The development of nanotechnology necessitates appropriate tools for nanoparticle characterization to assure product quality, evaluate safety and facilitate manufacturing. The properties of interest particularly relevant to nanomedicine and environmental ecotoxicology include size, shape, aggregation, concentration, dissolution, surface chemistry, and composition etc. Engineered nanoparticles in a complex matrix, at realistic concentration are two of the major challenges for analytical scientist. Potential transformation of pristine engineered nanomaterials when put in contact with either biological or environmental media further complicate the analytical task.

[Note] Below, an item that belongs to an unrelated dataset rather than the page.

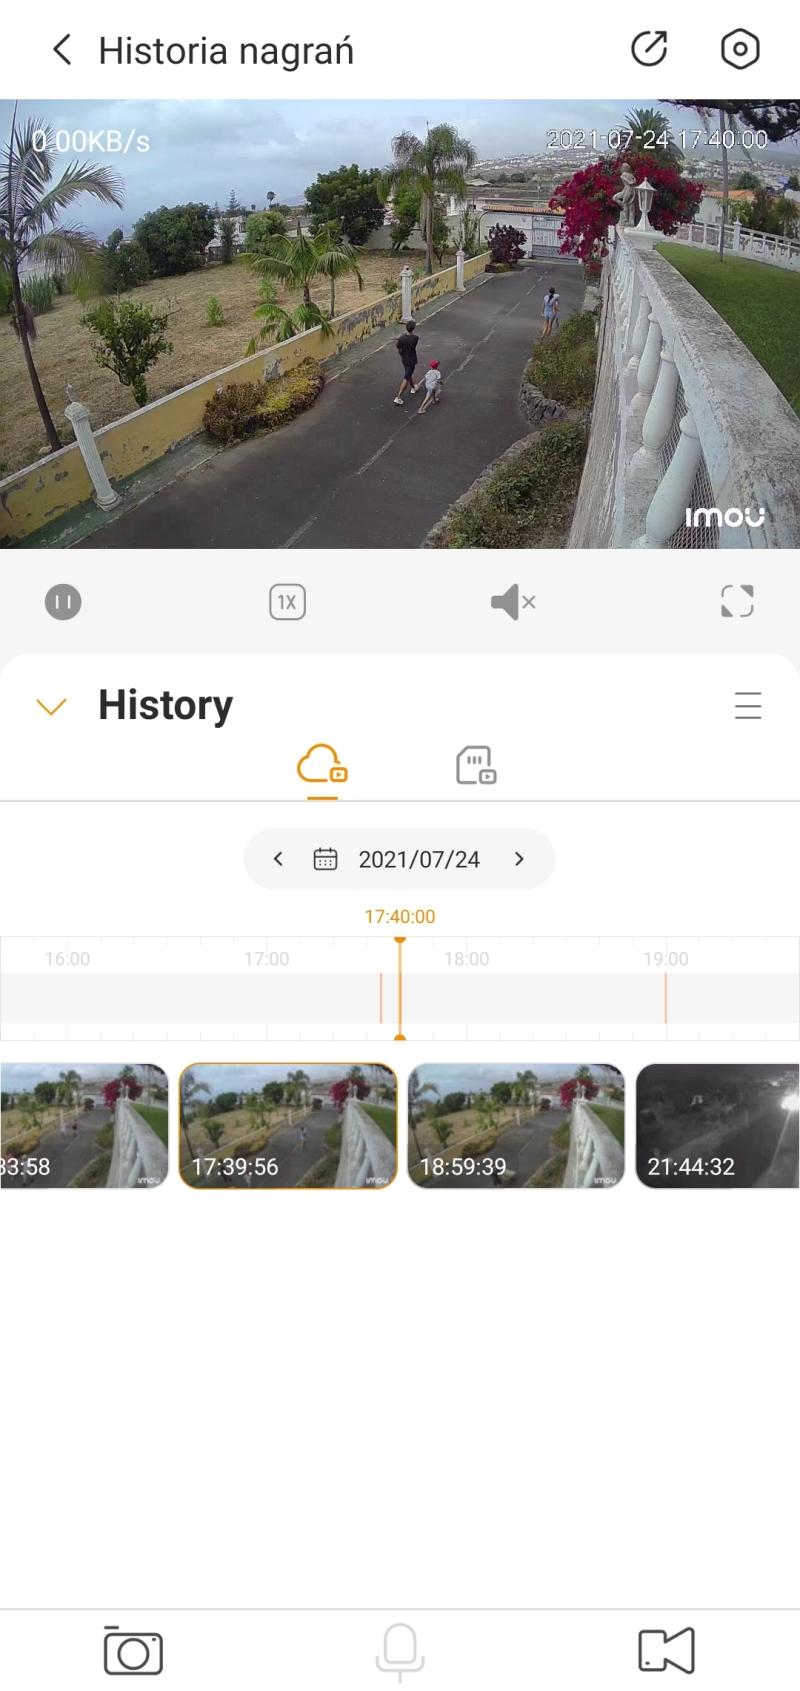 Recenzja Imou Bullet 2 - sensowna, bardzo tania kamera monitoringu domu

In this dissertation, I aim to optimize and extend the application of novel hyphenated instruments consisting of differential mobility analysis (DMA) and inductively coupled plasma-mass spectrometry (ICP-MS) for real time size classification and elemental detection in biomedical and environmental fields. I have applied DMA-ICP-MS in quantitatively characterizing anti-tumor drug delivery platform to assist design and performance evaluation. Optimal balance among drug loading, stability and release performance was achieved and evaluated by DMA-ICP-MS.

I have further developed a novel analytical methodology including DMA and ICP-MS operating in single particle mode (i.e. spICP-MS). I successfully demonstrated and validated the method for accurate and simultaneous size, mass and concentration measurement by NIST reference materials. DMA-spICP-MS was shown with the capability to characterize nanoparticle aggregation state and surface coating. In addition, this technique was shown to be useful for real-world samples with high ionic background due to its ability to remove dissolved ions yielding a cleaner background.

Given this validated DMA-spICP-MS method, I applied it to quantifying the geometries of seven gold nanorod samples with different geometries. It was demonstrated that DMA-spICP-MS can achieve fast quantification of both length and diameter with accuracy comparable with TEM analysis. This method provided the capability to separate nanorods from spheres quantifying the geometry for each population.

Finally, an interesting open and high-order rosette protein structure was investigated by electrospray-DMA. The staining procedure was optimized and effect of electrospray process on protein particle structure was evaluated. Protein particle after electrospray was largely maintained. Mobility simulation by MOBCAL showed close matches with experimental data and enabled peak assignment to various particle assembly structures.